On the facts, there had been no agreement between the first defendant and J and B to sell P's shares for £40,000 (see [118] of the judgment). Duomatic Ltd, Re [1969] 1 All ER 161 considered.

(2) On the evidence, it was reasonable to draw an adverse inference with regard to the failure of the accountant to provide evidence. J and B had not called the accountant because they feared that his evidence would damage their case. The accountant's conduct had been intentionally misleading and had intended to deceive the first defendant. It was likely that the accountant had deliberately set a value on P's shares that was unduly low.

Further, on the facts, the accountant had effectively acted as a counsellor to J and B in relation to the acquisition of P's shares. He had provided them with advice about the shares, and had corresponded with the first defendant effectively as a representative of J and B. The accountant had acted in the production of the certificate in collusion with and with partiality towards J and B (see [129]-[138] of the judgment).

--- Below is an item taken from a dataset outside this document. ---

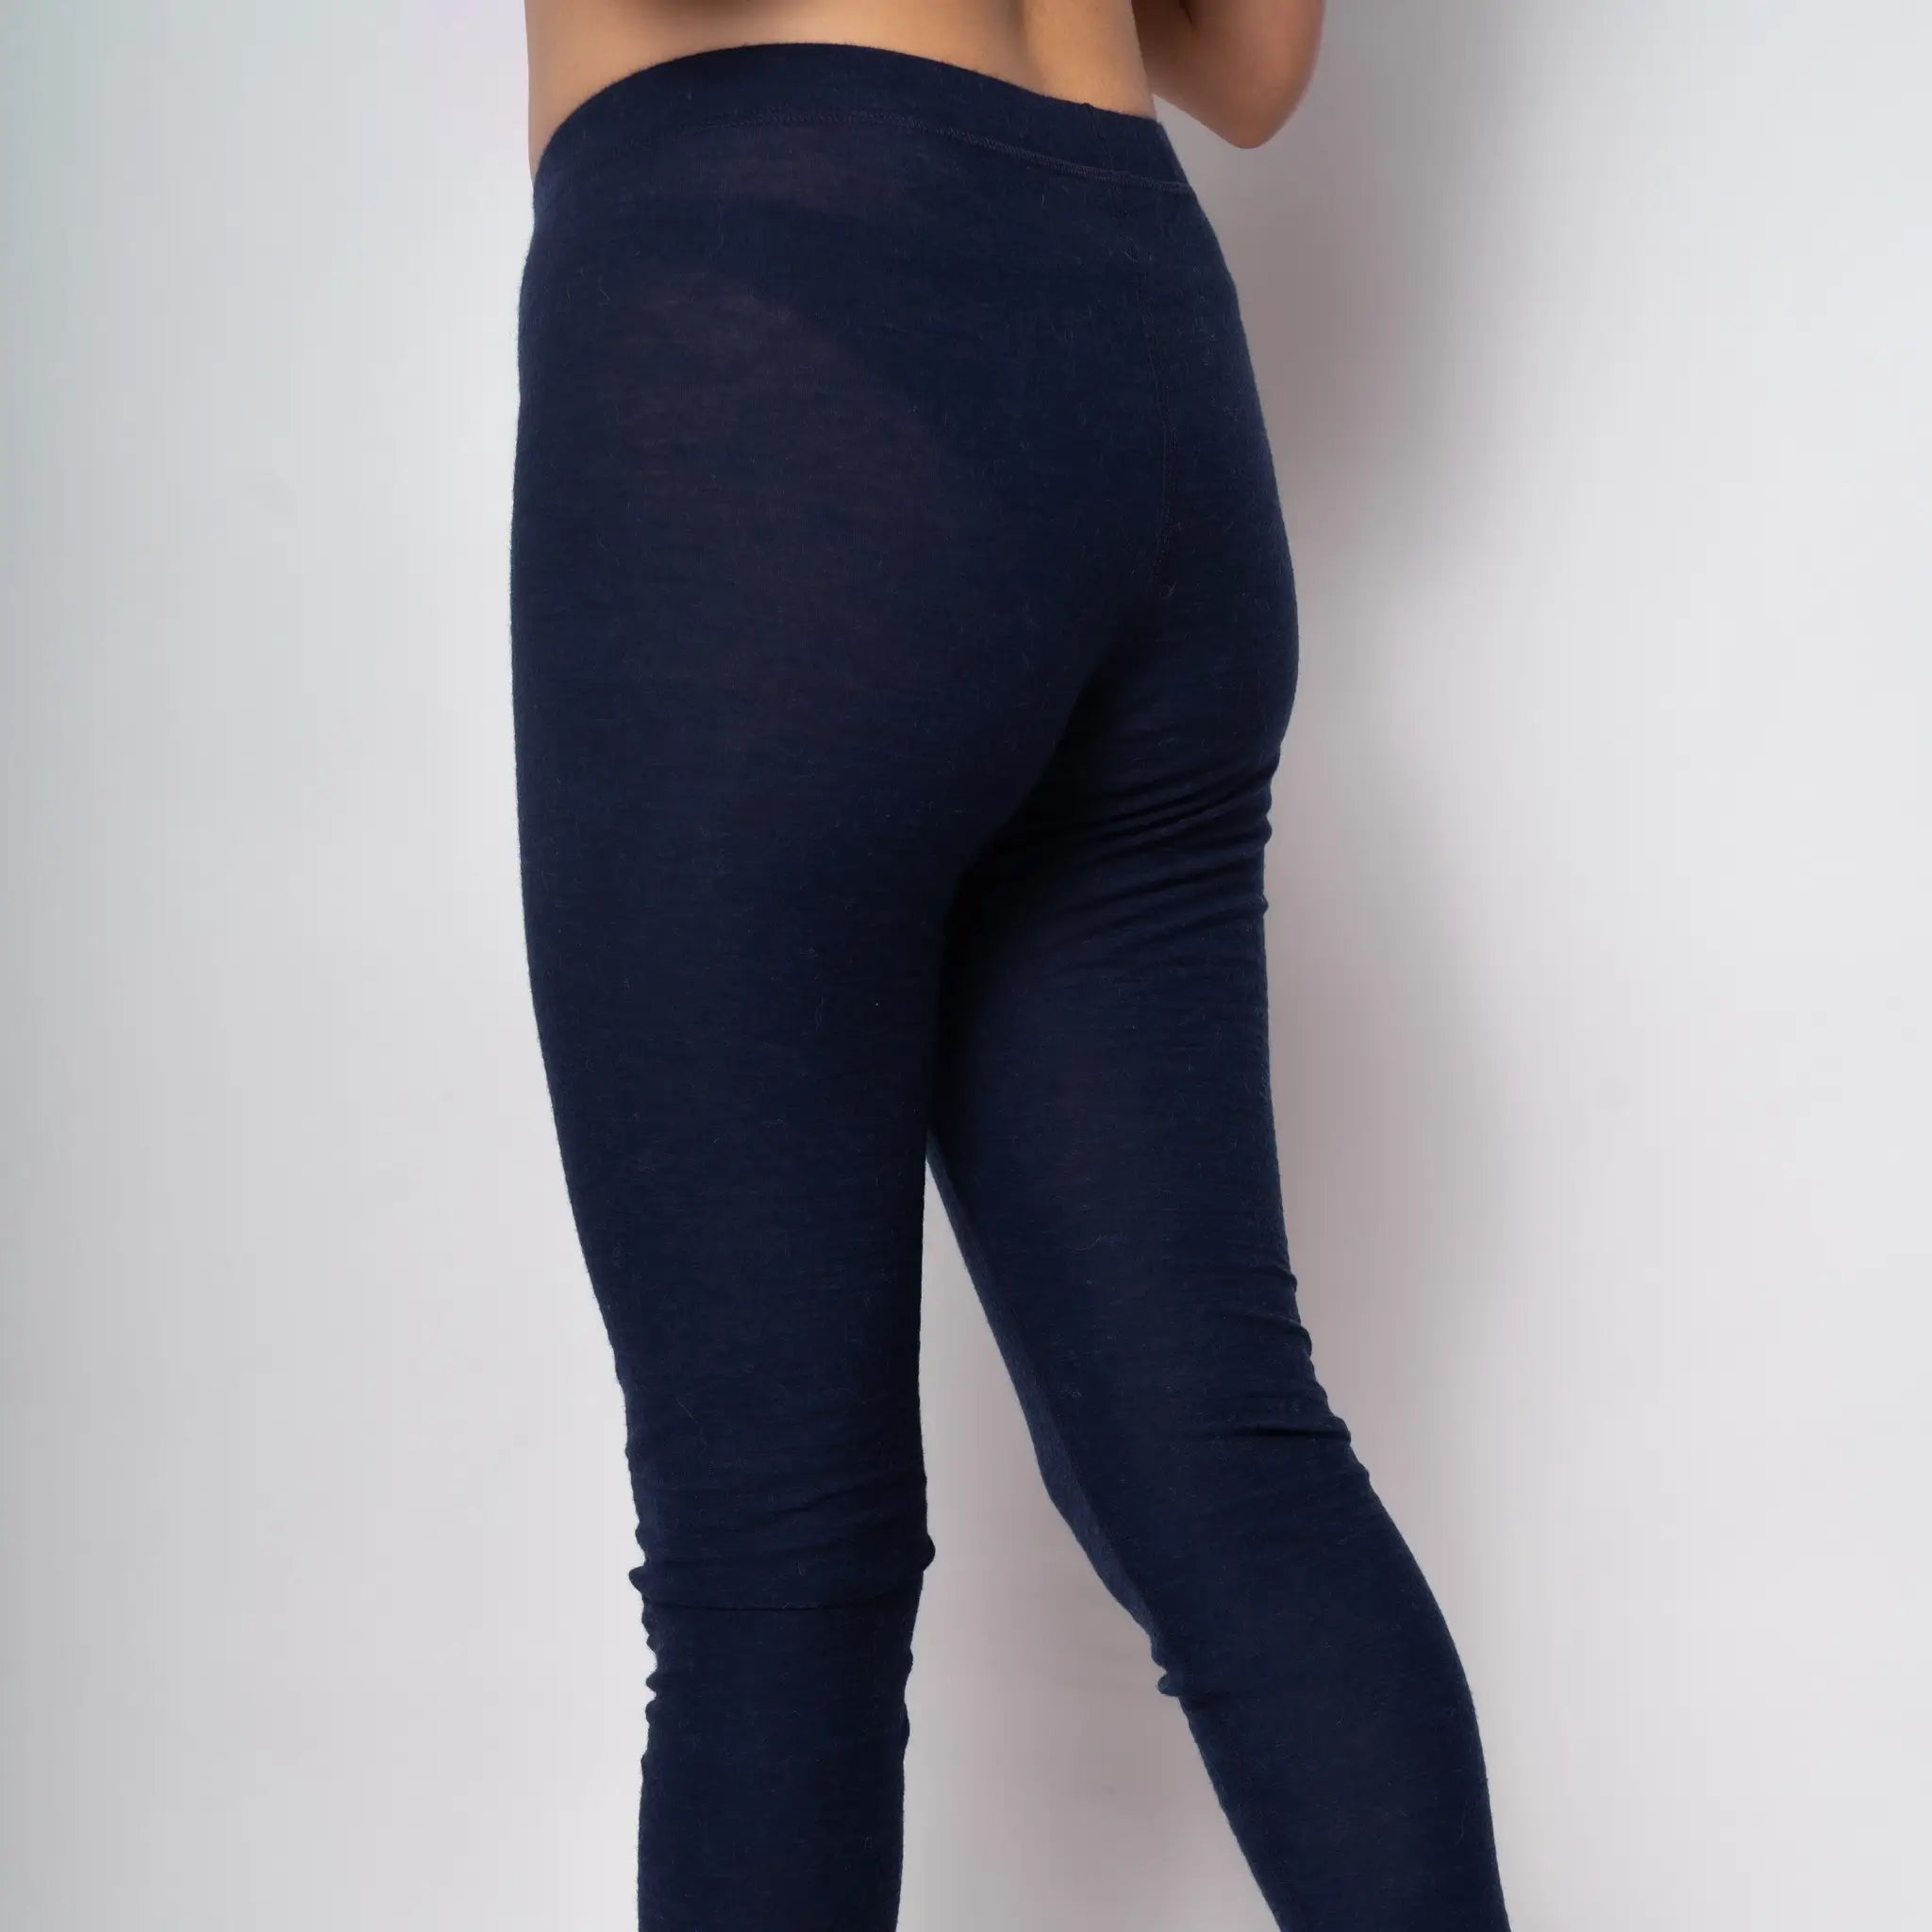 womens leggings ultralight 160 highly breathable color navy blue

As a result of the accountant's activities, the first defendant would not be bound to sell and transfer P's shares to J and B pursuant to a contract resulting from the pre-emption machinery in the company's articles (see [139] of the judgment).

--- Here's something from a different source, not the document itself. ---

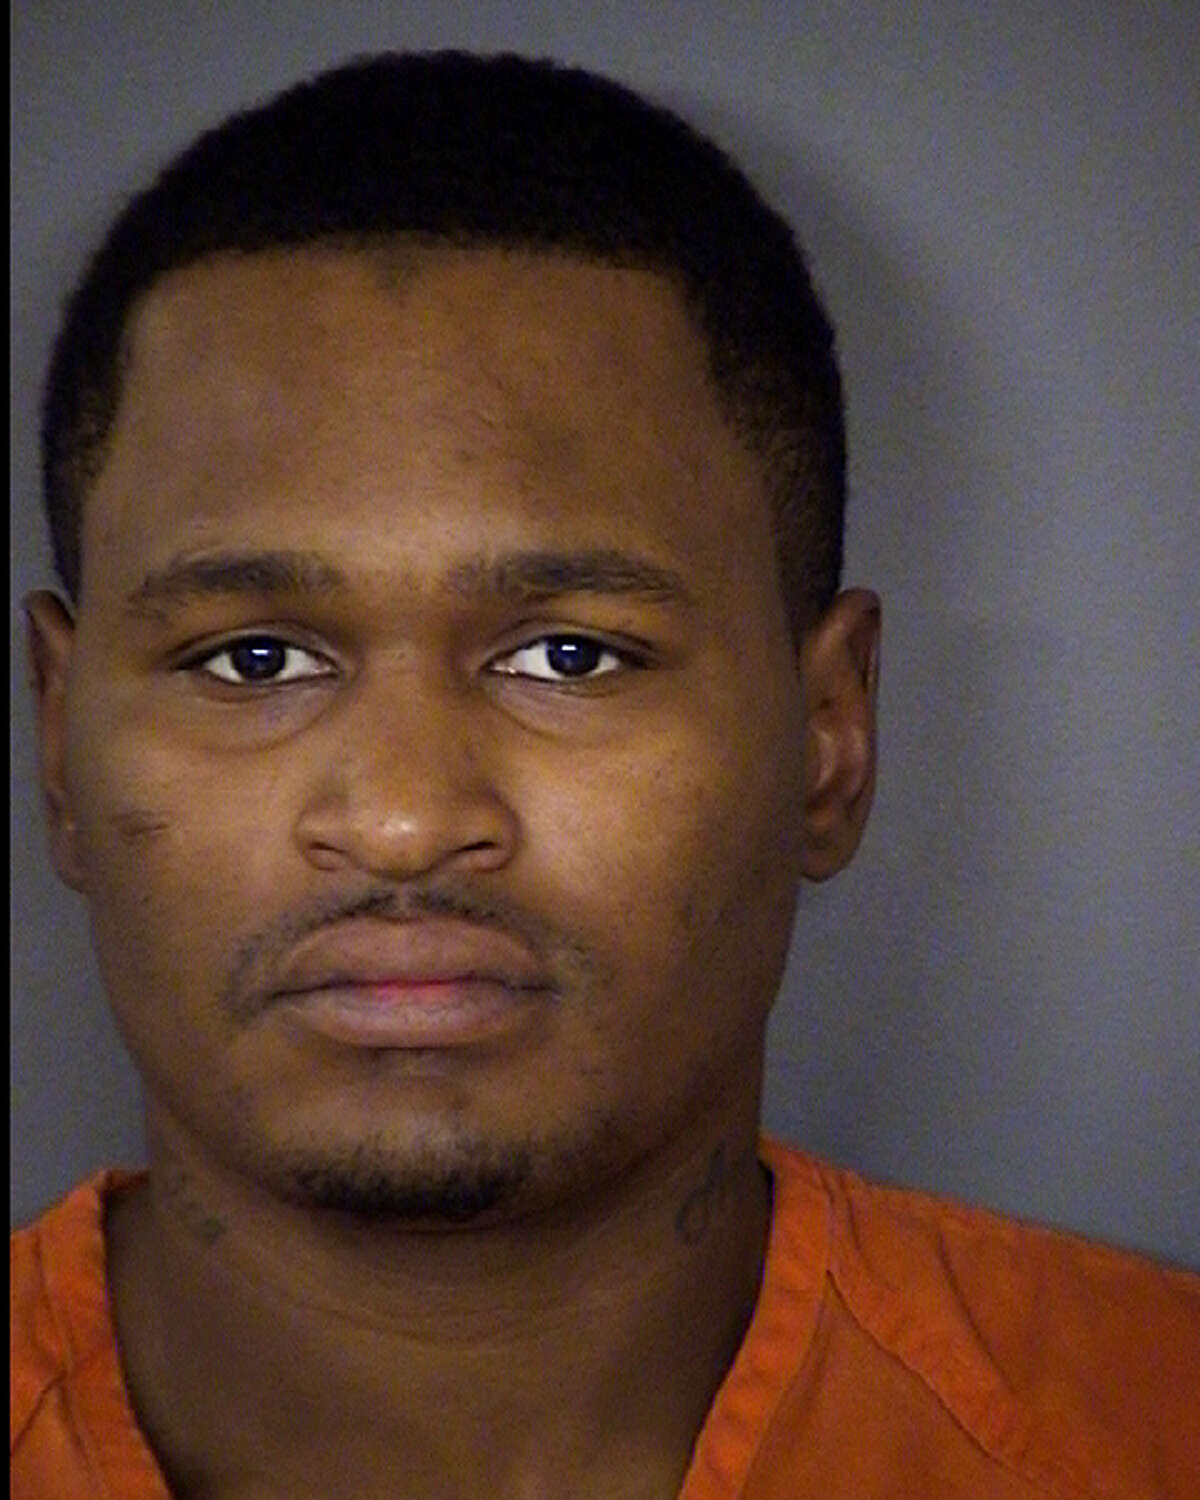 The suspect, Kedreen Marque Pugh, now faces a charge of murder in the death of Brianna De La Cruz. He remains in the Bexar County Jail early Wednesday, and he faces additional charges of felony possession of a firearm and two counts of possession of a controlled substance with intent to deliver.

(3) Taken at its highest, there had only ever been an agreement in principle that the first defendant would sell P's shares for £65,000. On the evidence, the first defendant had required reassurance as to the justification for the valuation of the company before he was willing to sell at that price.

The first defendant had clearly not intended to sell without the approval of P's creditors. Further, the first defendant had sought approval to accept the offer in his report to the creditors, indicating that at that time he had not accepted an offer to sell at £65,000 (see [141] of the judgment).

On the facts, there had been no agreement between the first defendant and J and B to sell P's shares for £65,000. The first defendant would not be bound to sell P's shares at either £40,000 or £65,000. P's shares would be restored to the first defendant, to be dealt with by him with a view to restoring the return on P's bankruptcy (see [145] of the judgment).

Simon Mills (instructed by B.P. Collins) for the claimants. Philip Hinks (instructed by Fishburn LLP) for the first defendant. Jamie Riley (instructed by Gillan & Co) for the second and third defendants.